In the early 18th century, Jean Brown, a servant in the parish of Penninghame, Wigtown, found herself ensnared in the web of accusations that characterized the Scottish witch trials. Born into a lower socioeconomic status, Jean was 41 years old when the charges of witchcraft were leveled against her. Despite claiming she was unmarried, testimony from witnesses indicated that she was indeed a wife and also a mother to a daughter—an assertion that seemingly contradicted her own admission. Her life had been steeped in labor typical of a "servtrix," as the records denote, but it was a claim she made about spiritual apparitions that stirred the suspicion of witchcraft. Jean confessed that spectral figures had visited her 16 years prior, an admission that may have been key to the charges brought against her.

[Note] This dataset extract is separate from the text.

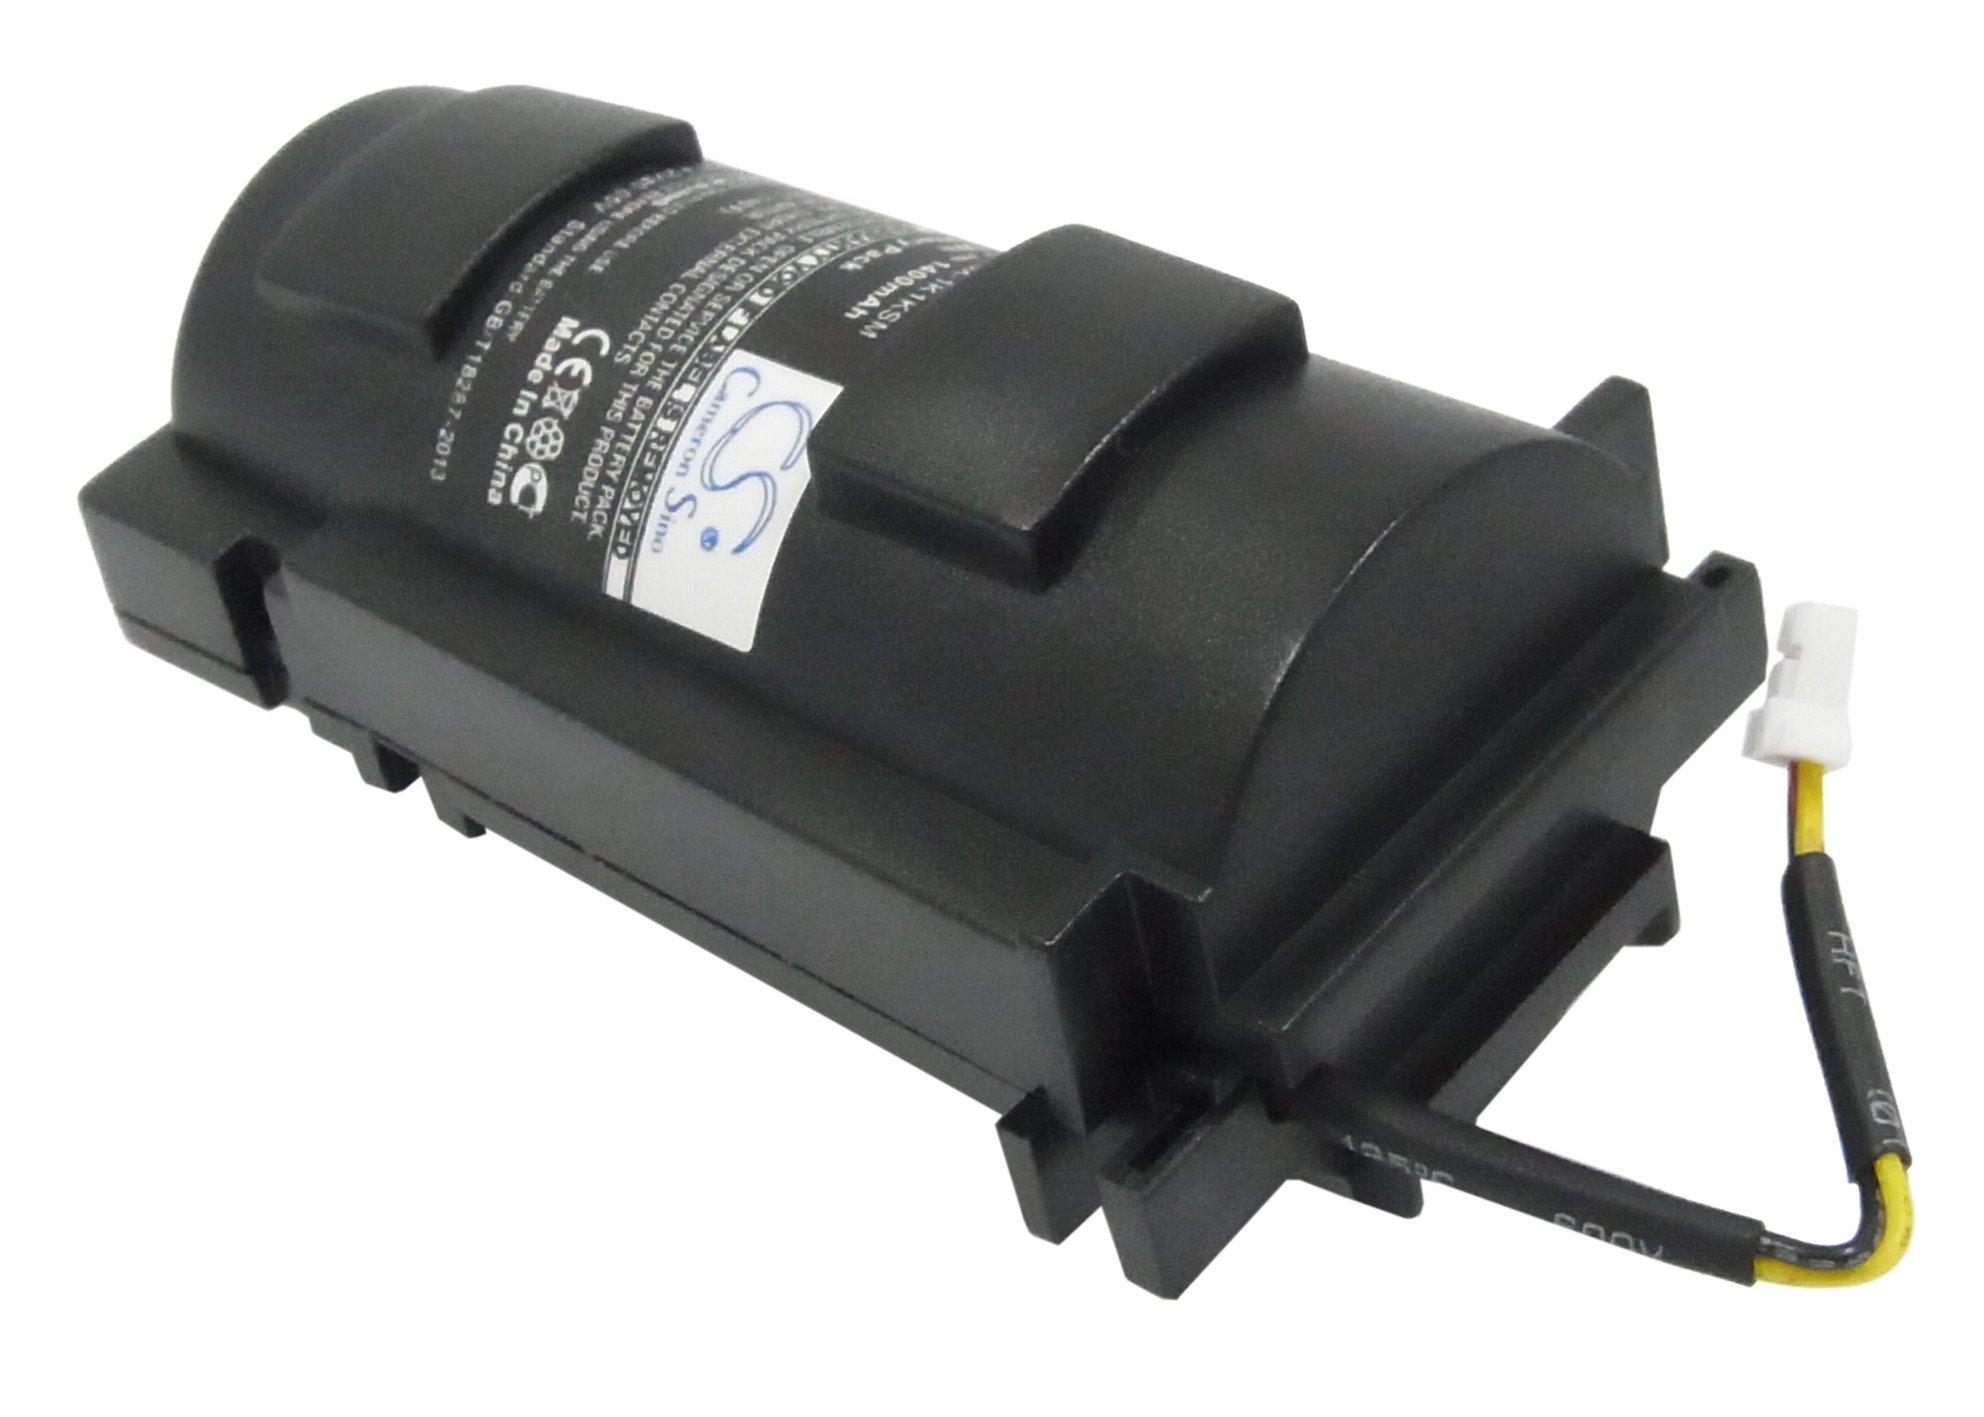 Cameron Sino Rechargeble Battery for Metrologic 00-06260A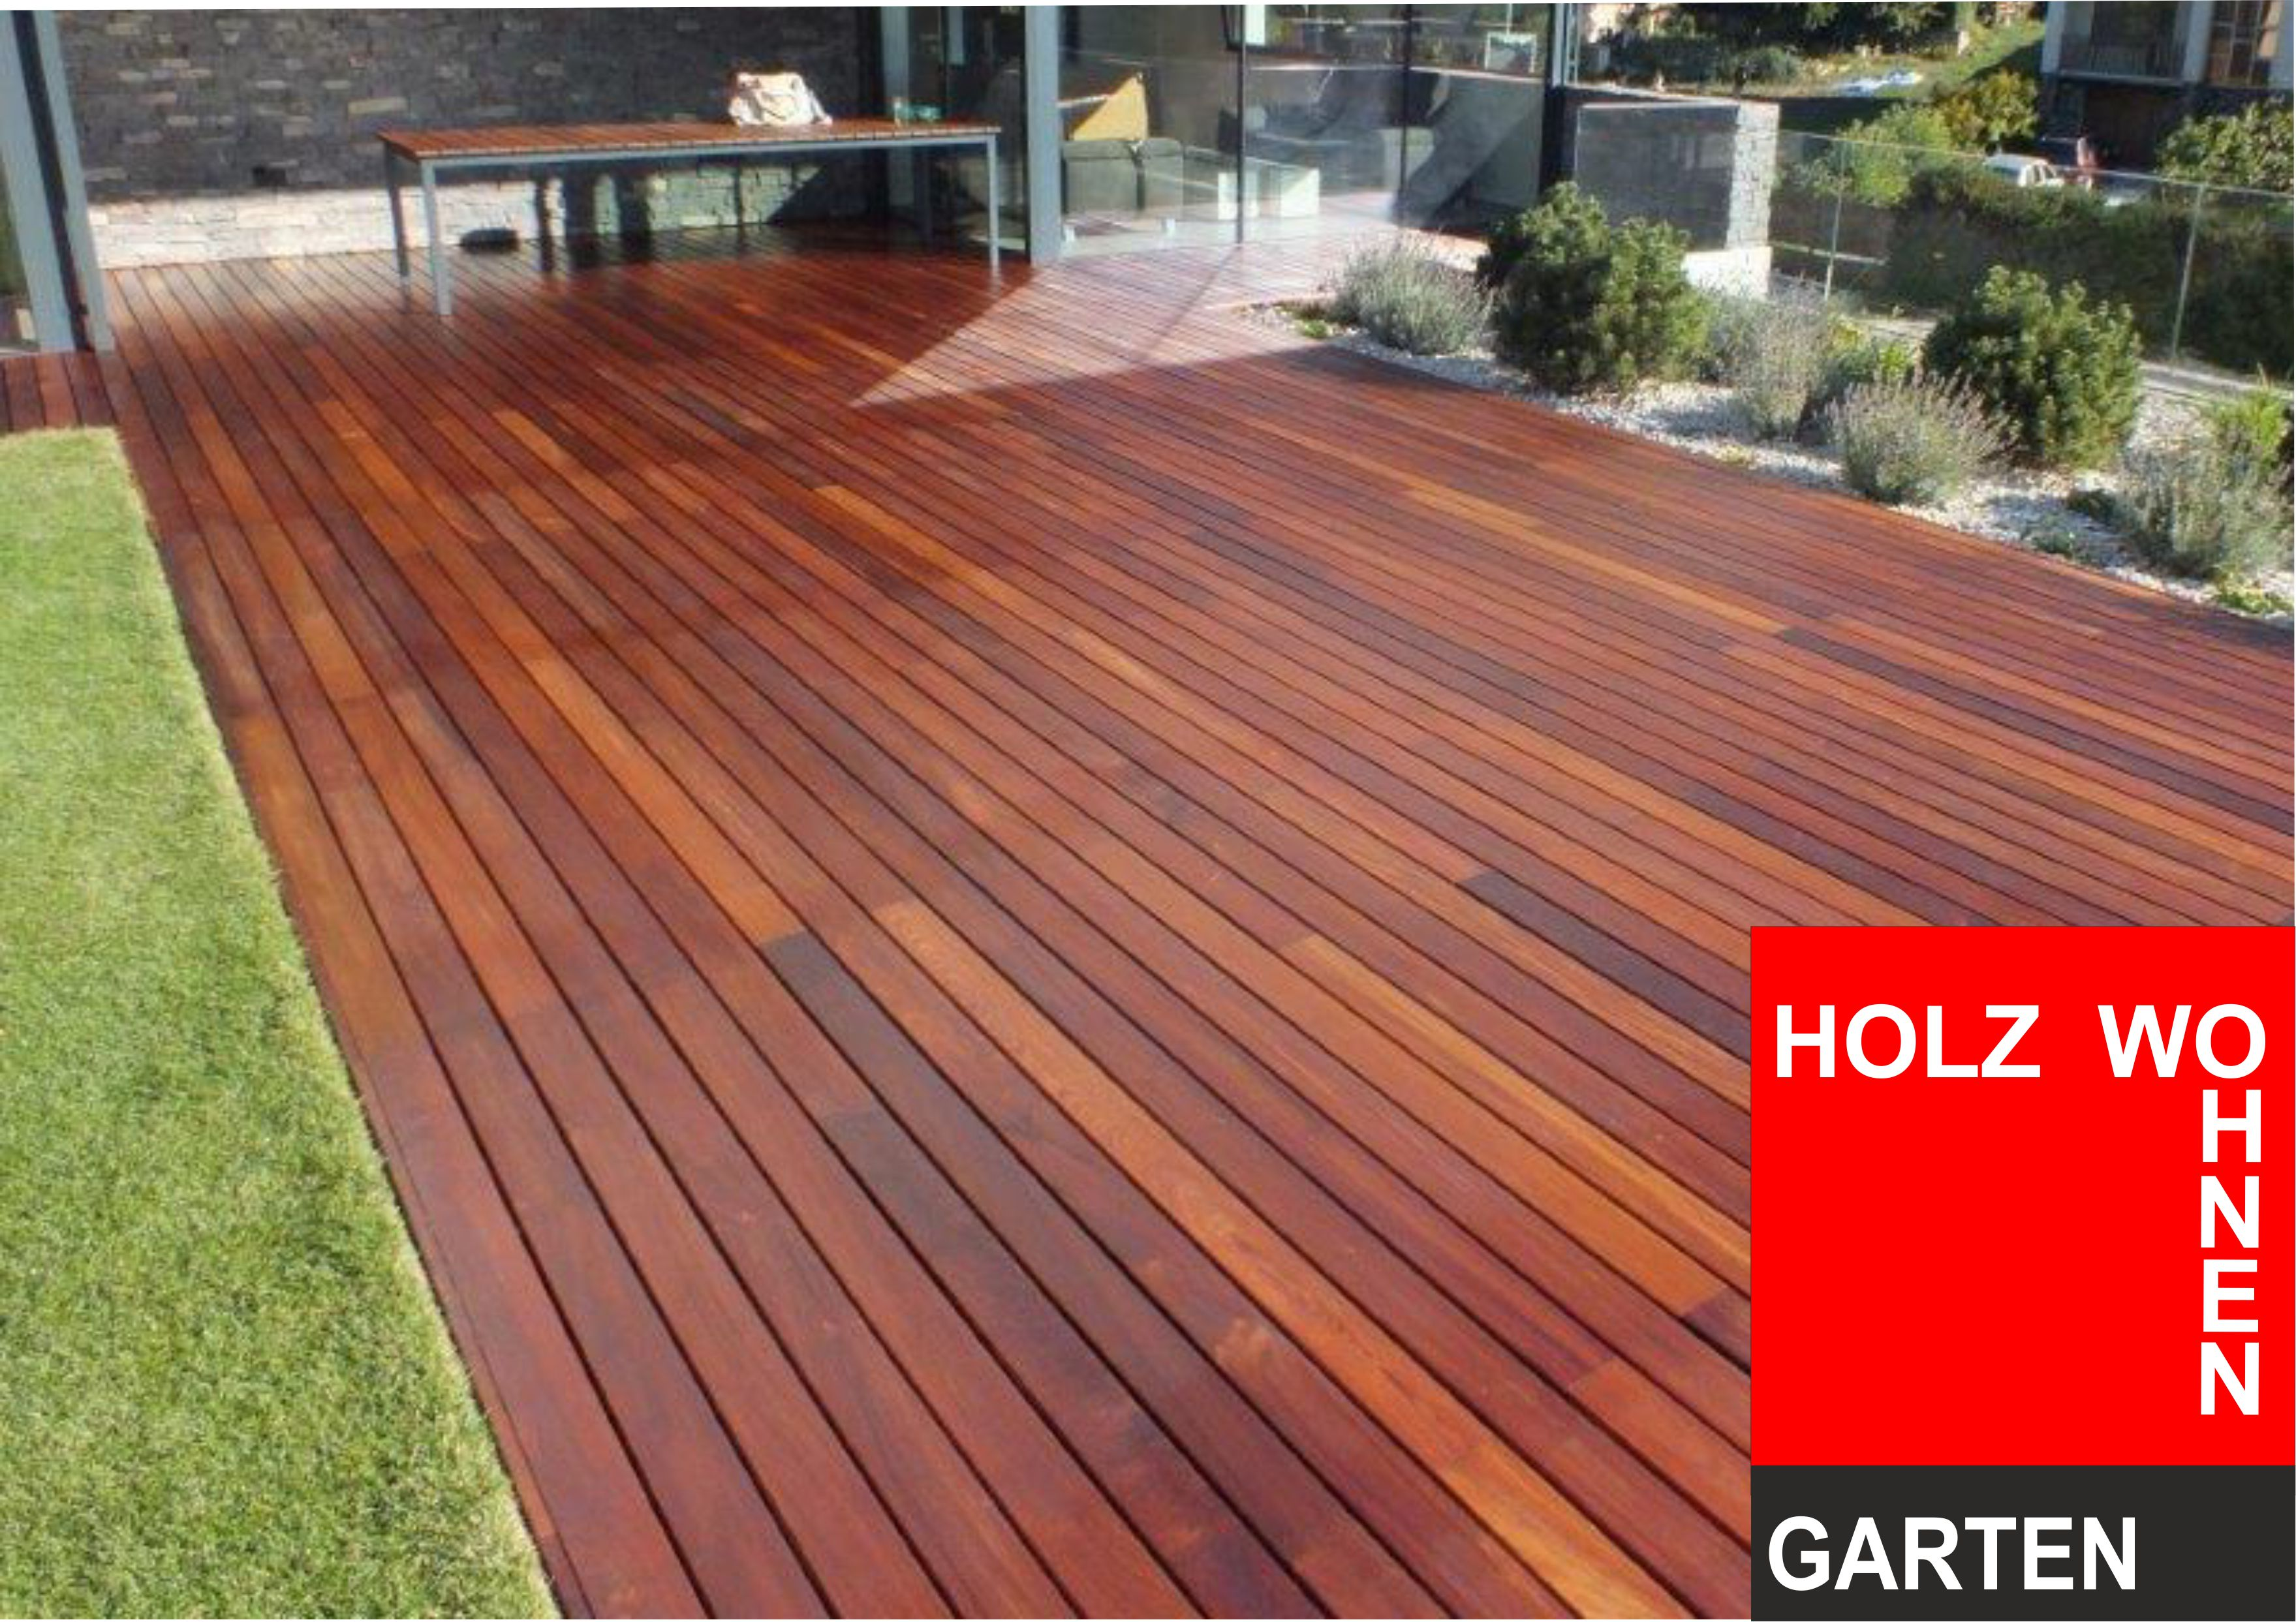 Mukulungu Afri Kulu Terrassendielen Holz Wohnen Garten De

The judicial proceedings against Jean were marked by a prisoner's absence, as she did not present herself for her trial resulting from an alleged escape. However, the customary measures of ecclesiastical discipline in such cases did not escape her; she was sentenced to excommunication, a punishment both severe and socially crippling, aimed at severing her from the religious community. Despite three distinct confession records being noted from January to March of 1706, her actual whereabouts during these legal machinations remain a matter of record omission. One can only glean from the trial notations that weathered a guilty verdict, the symbolic, perhaps even literal marginalization was imposed upon Jean through the ultimate sanction of excommunication.
The record of Jean Brown's case is a fragmentary but illustrative example of how women, particularly those of the lower social orders like Jean, were vulnerable to accusations of witchcraft in early modern Scotland. Charged under circumstances that combined both societal prejudices and elusive spectral claims, Jean's experience exemplifies the precarious fate that could await those branded with the mark of witchcraft. Her confessions, the escape from trial, and eventual excommunication stand as reminders of a complex period marked by fear and uncertainty, tracing the shadowy lines between belief and justice written into the annals of Scottish history.